For B, I'm not sure what you mean by "chain backwards".  You are right
that a standard search is all that you needed; I pretty much did
Dijkstra on the implicit graph.  I think the bounds were small enough
that you could afford to explicitly simulate the water draining (steps
of 0.1s), but you don't need to (my solution would work for quite
large ceiling, floor, and initial water height values).

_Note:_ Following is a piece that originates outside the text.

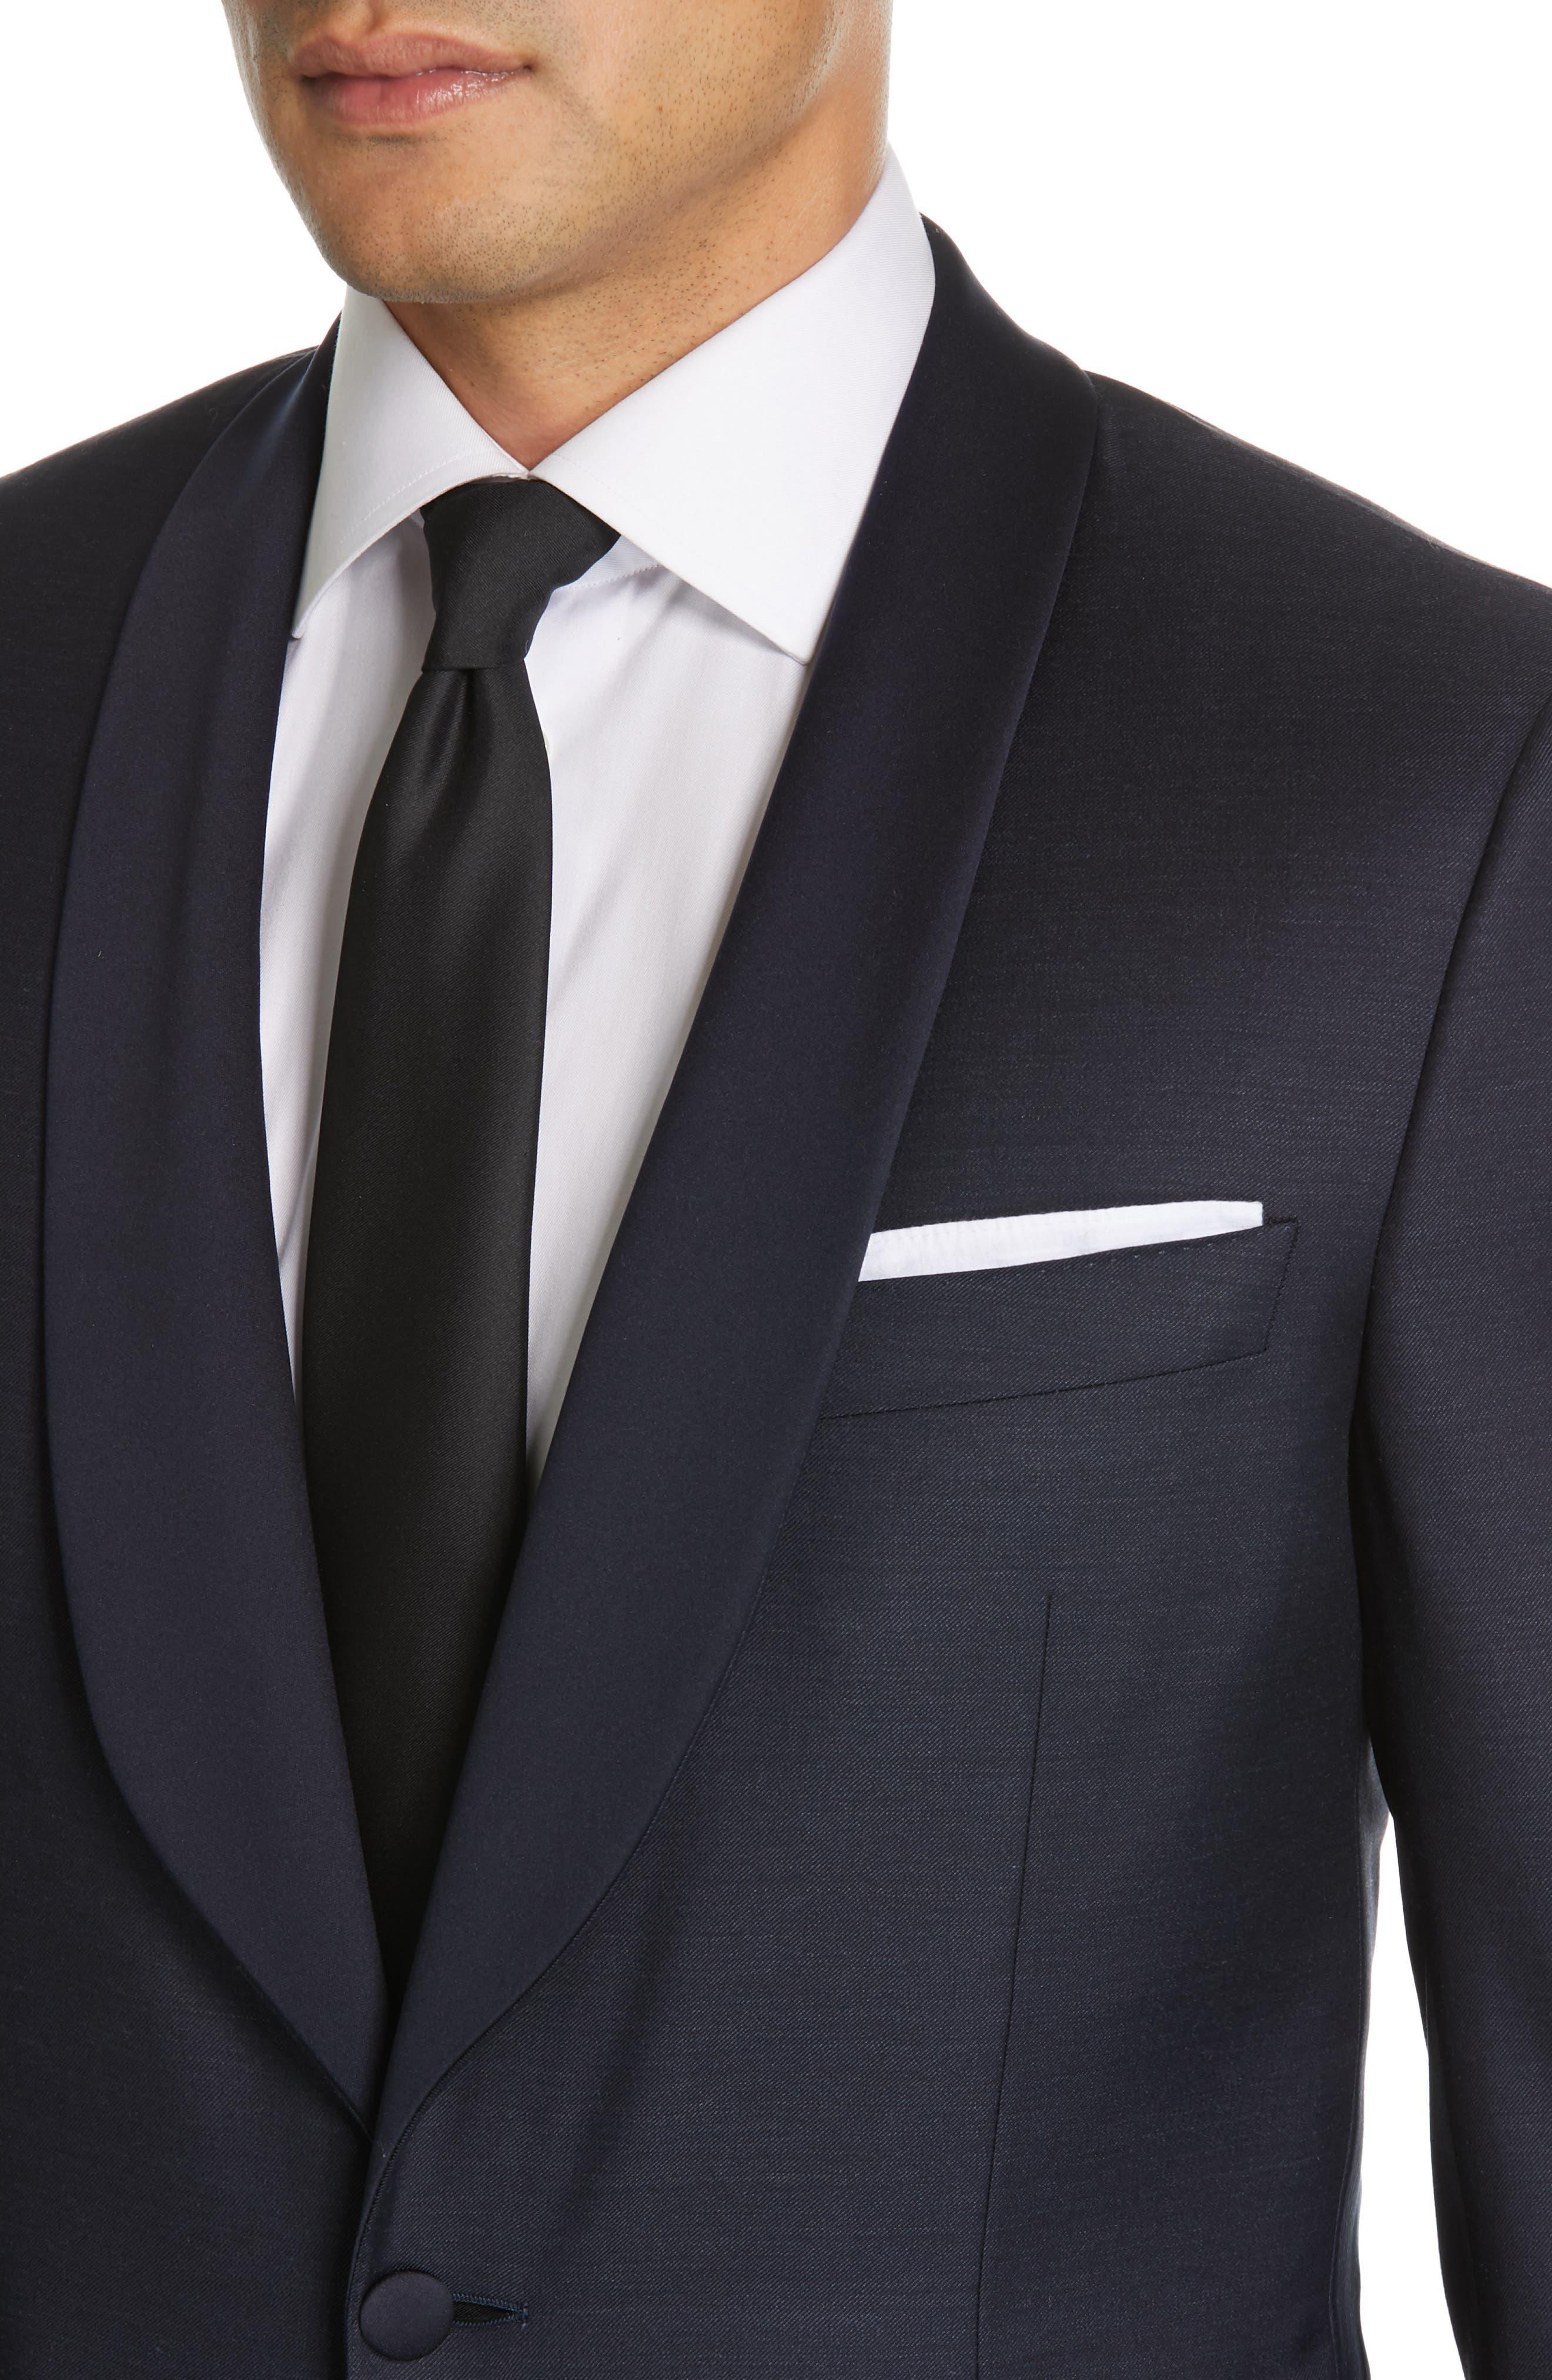 CANALI, Venieza Classic Fit Wool Tuxedo, Alternate thumbnail 4, color, NAVY

For C, I led myself down the garden path with the idea that we can get
rid of a bunch of numbers while still maintaining the property that
there is a solution, but I only got it down to 46 numbers and couldn't
see how to solve it efficiently.  I took a look at some others'
solutions and as you say, they seem to rely on the idea that a "small"
solution (where each subset doesn't include many numbers) exists, but
I'm not sure how to prove this is necessarily the case.  Perhaps for
each subset size k we could imagine trying to build a set of 500
numbers such that subsets of size k or less have distinct sums, then
show that the max number exceeds 10^12 for some small value of k...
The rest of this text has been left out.